Молохов вдруг замолчал, видимо, этот вопрос на секунду сбил его с толку; он ответил не сразу, и, как показалось Лизе, уклончиво:

— Ну, за всю свою практику я еще не встречал человека, которому бы удалось прожить жизнь без капли страдания. В конце концов, в нем мы рождаемся и умираем. Просто не забывай о том, что пациент — это не только тот, кто страдает, но и тот, кто терпит. Вот ты спрашиваешь: «Зачем тогда жить?» А это опасный вопрос, Лиза. Избавляйся от подобных мыслей. Ведь не узнав настоящей боли, невозможно стать в полной мере счастливым.

— То есть вы говорите, что жить нужно только ради счастья? — спросила Лиза. — Но мы же не… кролики! Не все же могут позволить себе быть счастливыми.

— Интересно, и кому же, по-твоему, счастье не позволено?

— Ну, например… — Лиза задумалась. — Например, серийным маньякам, насильникам, работникам зоопарков…

Молохов рассмеялся.

— Интересная мысль, Лиза, очень оригинальная. Но даже если так, разве к тебе это относится? Твоя жизнь только начинается, и я сильно сомневаюсь, что ты успела стать серийным маньяком. Пойми, стоит отказаться от постоянной борьбы, стоит накрыться одеялом и начать жалеть себя, — и все уже потеряно, все кончено! — Молохов отвернулся, провел ладонью по волосам как будто для того, чтобы немного себя успокоить, и добавил: — Жизнь несчастного человека — это как бы пунктир в пустоте. Поэтому жить и правда нужно только ради счастья.

Лиза задумалась — не столько над словами Молохова, сколько над его убедительной, как будто гипнотизирующей манерой речи. Сквозь шторы внутрь больше не проникал даже отголосок тусклого света, и в кабинете стало совсем мрачно. Туча за окном покрыла уже все небо, и в тишине послеобеденного санаторского сна было слышно, как во дворе пошел дождь. На столе стояла лампа, но ни Молохов, ни Лиза, оба погруженные в собственные мысли, не догадались ее включить.

— Может быть, вы и правы, — пробормотала Лиза, — но я не могу заставить себя бороться. Для этого я, кажется, слишком слаба. По крайней мере, не так сразу. Мне нужно время, чтобы кое-что забыть, кое-что ужасное. Есть нечто плохое, и оно давно меня преследует, и я знаю, что пока от этого не избавлюсь, просто не смогу идти дальше. — Лиза помолчала. — Простите, если вам нагрубила, я этого не хотела.

Молохов с явным неудовольствием махнул рукой, как бы говоря, что не хочет ничего слышать.

— Что ж, ладно, во всяком случае, время у нас есть, — сказал он после паузы. — И все-таки меня беспокоит твое отношение к лечению… Но я знаю, как мы с тобой поступим: начиная с сегодняшнего дня ты постараешься приложить все силы, — на этом слове Молохов сделал акцент, — все силы, чтобы стать самым ответственным моим пациентом — хотя бы, скажем, на месяц.
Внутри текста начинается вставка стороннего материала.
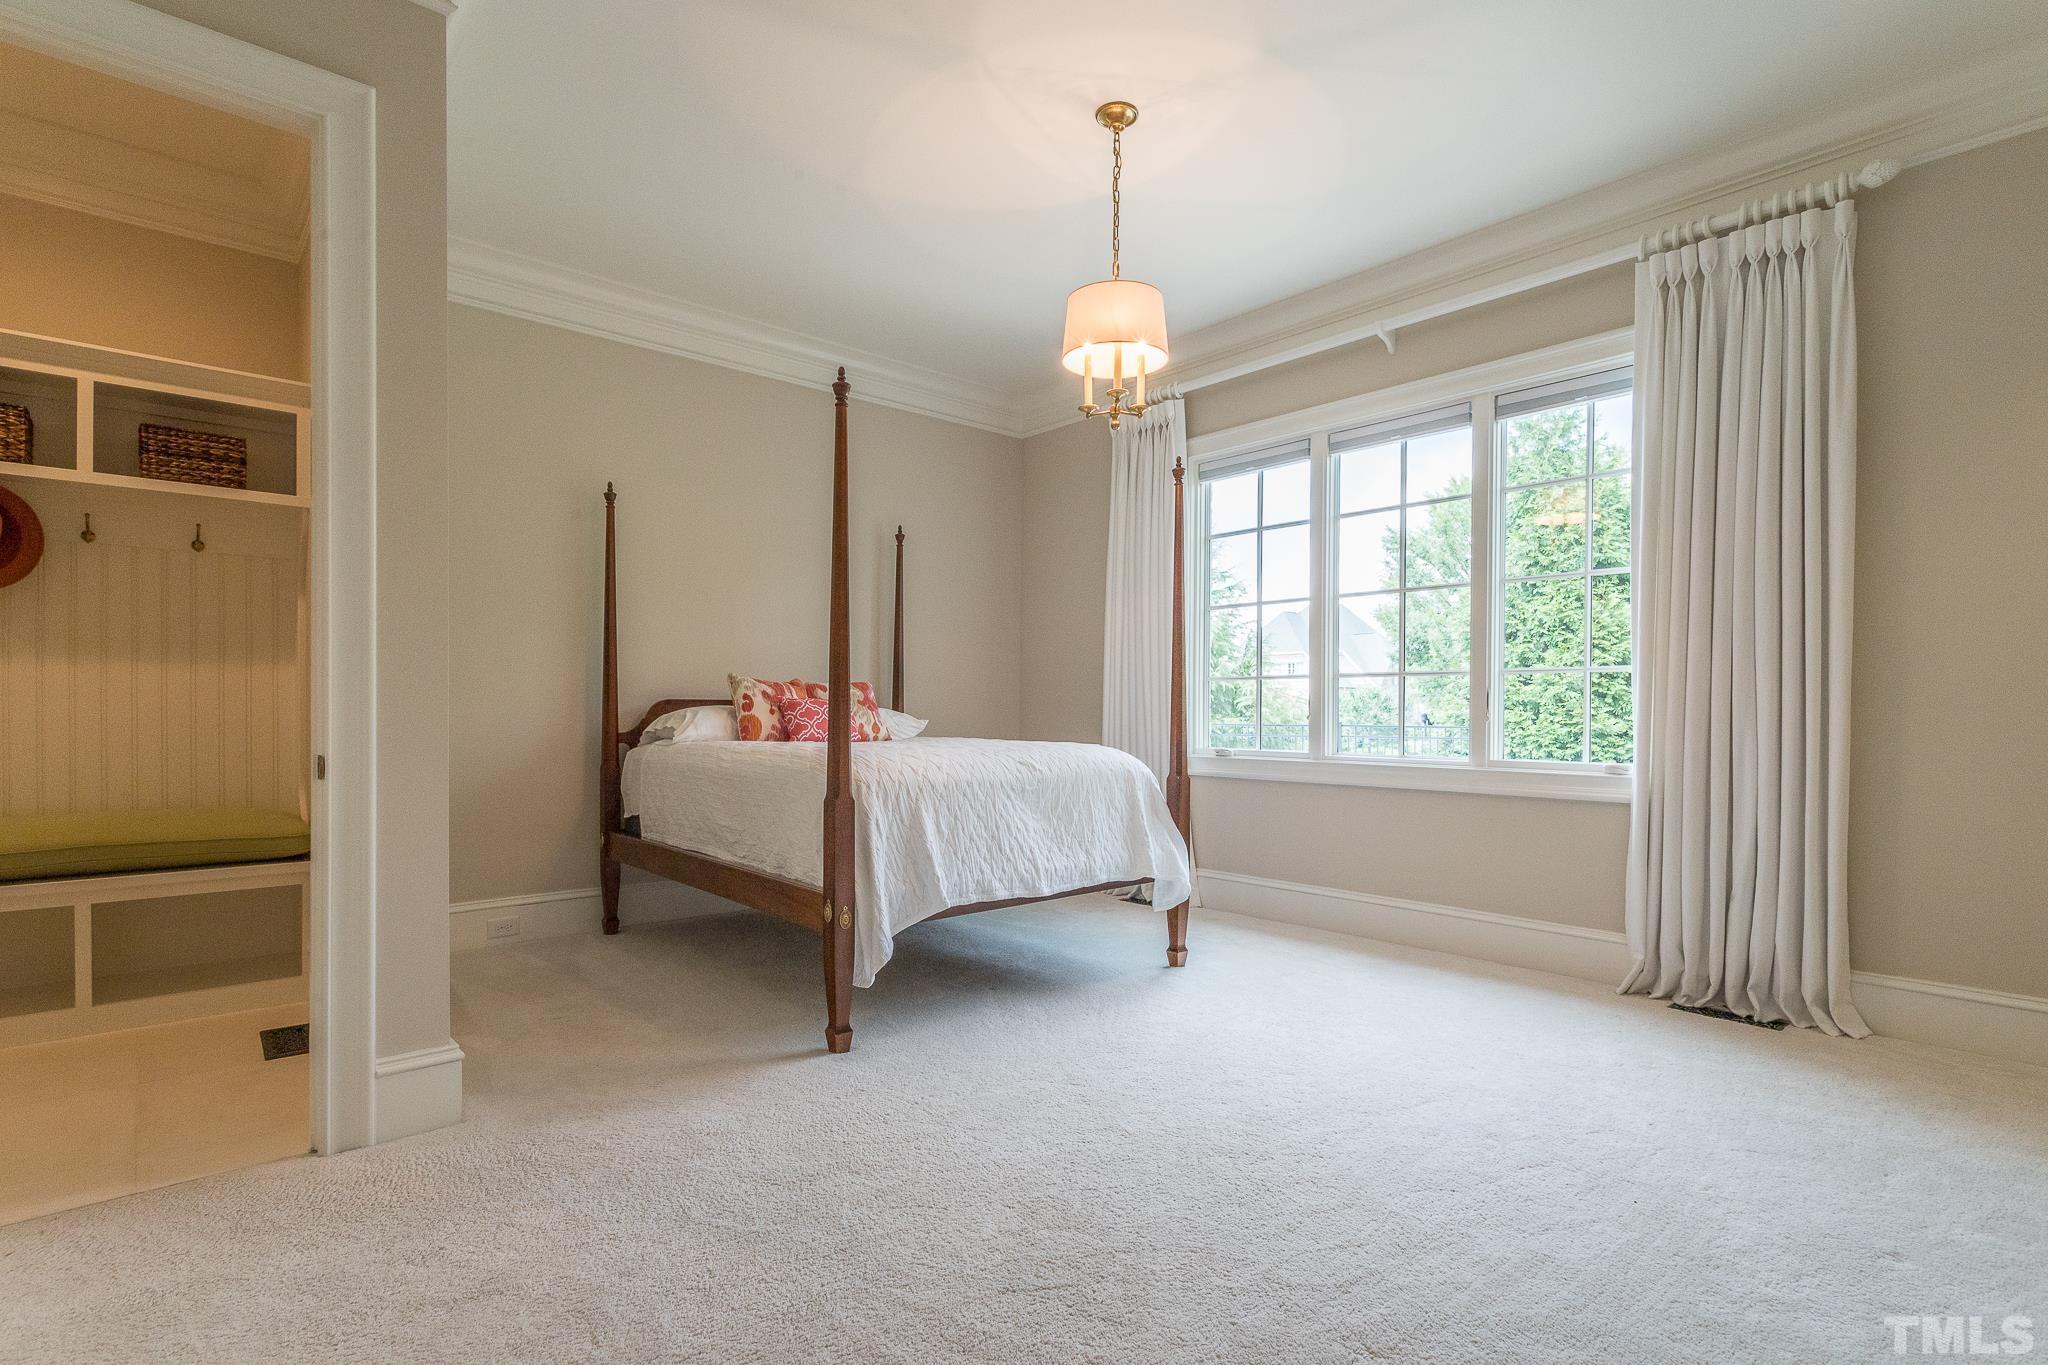 This downstairs suite has a private entry making this perfect for guests, family, or a second master suite option

Будешь слушаться моих советов, возобновишь прием лекарств, не будешь увиливать от процедур; в конце концов, начнешь приходить ко мне на прием с улыбкой. А то на тебя посмотришь — как будто из концлагеря сбежала. — Молохов положил тяжелые руки Лизе на плечи. — Что скажешь? Ты далеко не безнадежный случай, что бы ты там о себе не навыдумывала. Дай мне время, и поймешь, что была неправа. И уж тогда, даю тебе слово, сама увидишь прогресс.
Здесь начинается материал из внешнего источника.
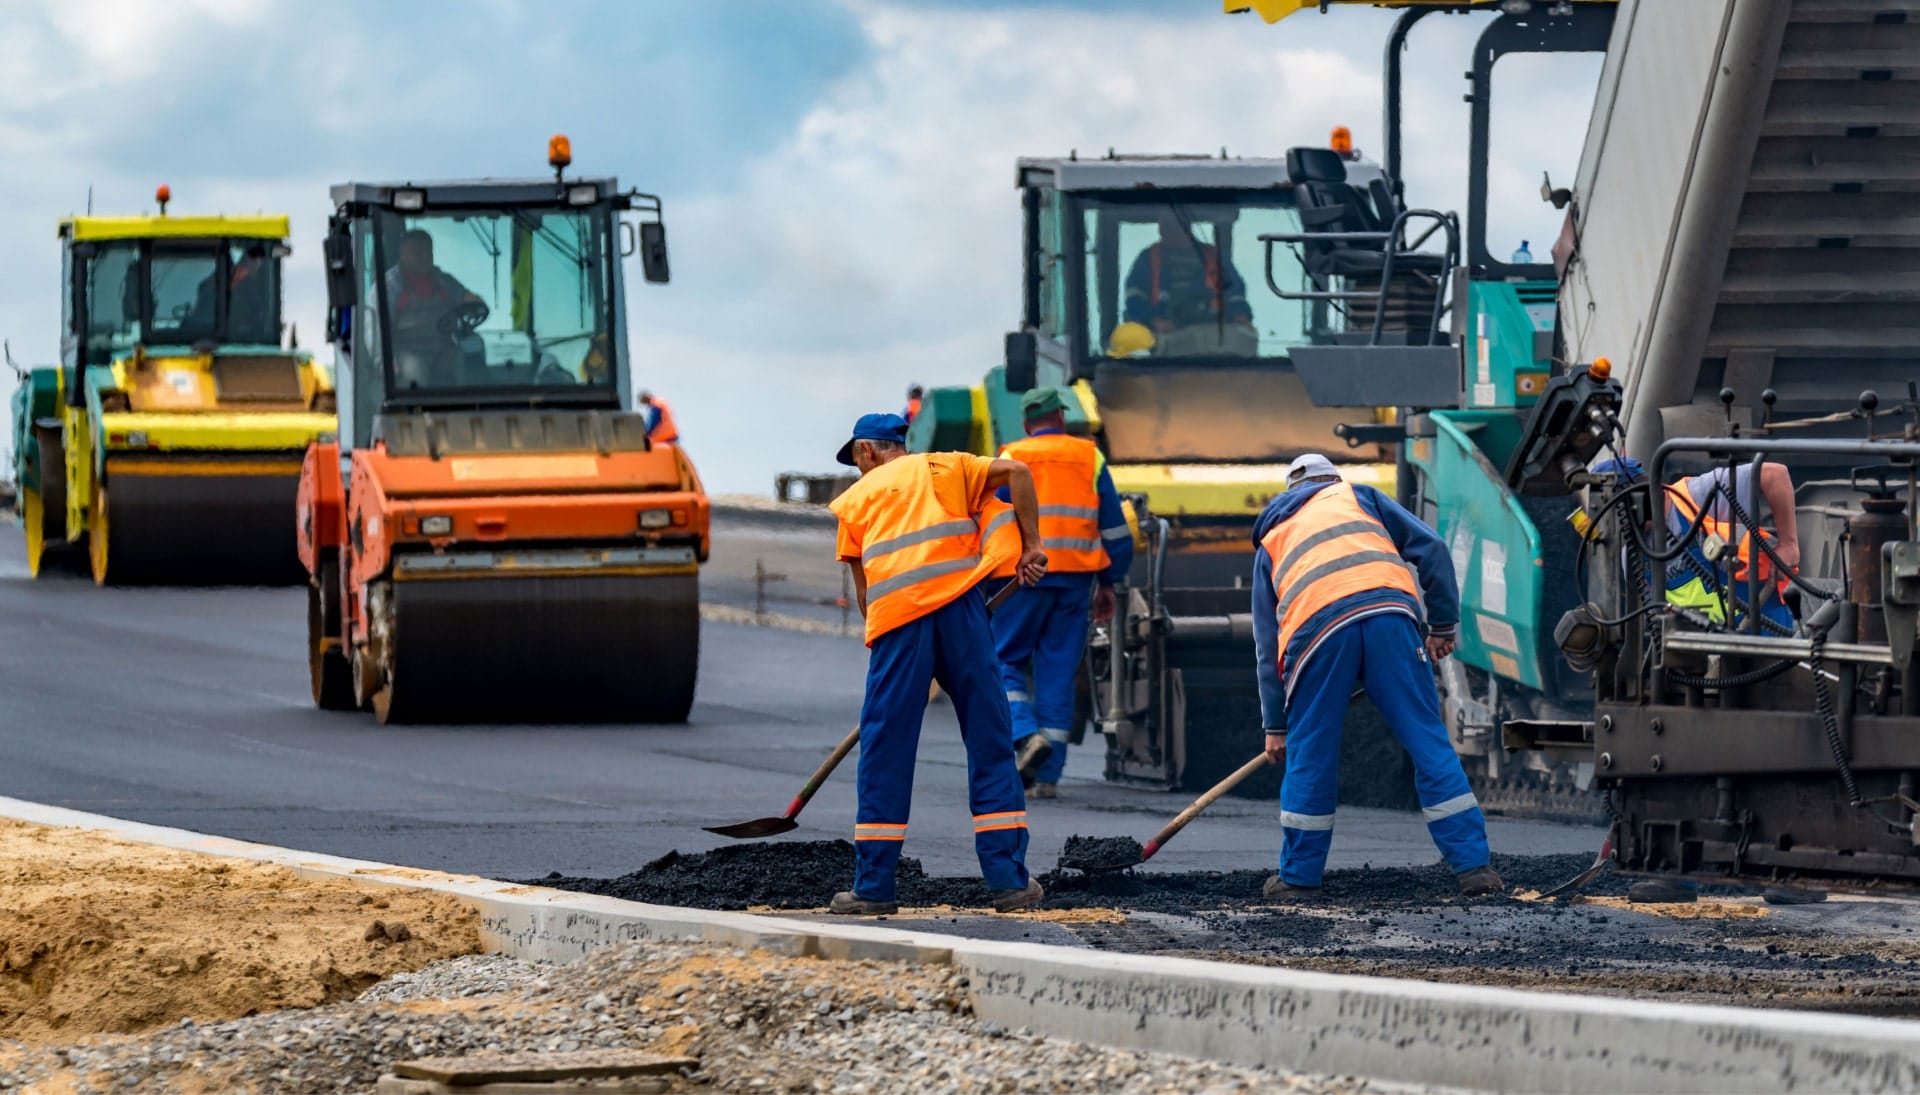 Reliable asphalt construction services in Northern, VA for various projects.

Лиза неуверенно покачала головой.

— Вот и договорились, — сказал Молохов; он уже не смотрел на нее. — Кстати, я часто вижу тебя с книгой. Что мы сейчас читаем?

— «Волшебную гору», перечитываю «Волшебную Гору», — быстро ответила Лиза и почему-то покраснела. Когда она подняла глаза, Молохов стоял слишком близко, и она заволновалась.

— Это хорошо, — сказал Молохов, улыбнувшись. — В юности я тоже любил Томаса Манна. Великая проза — хорошее лекарство для души.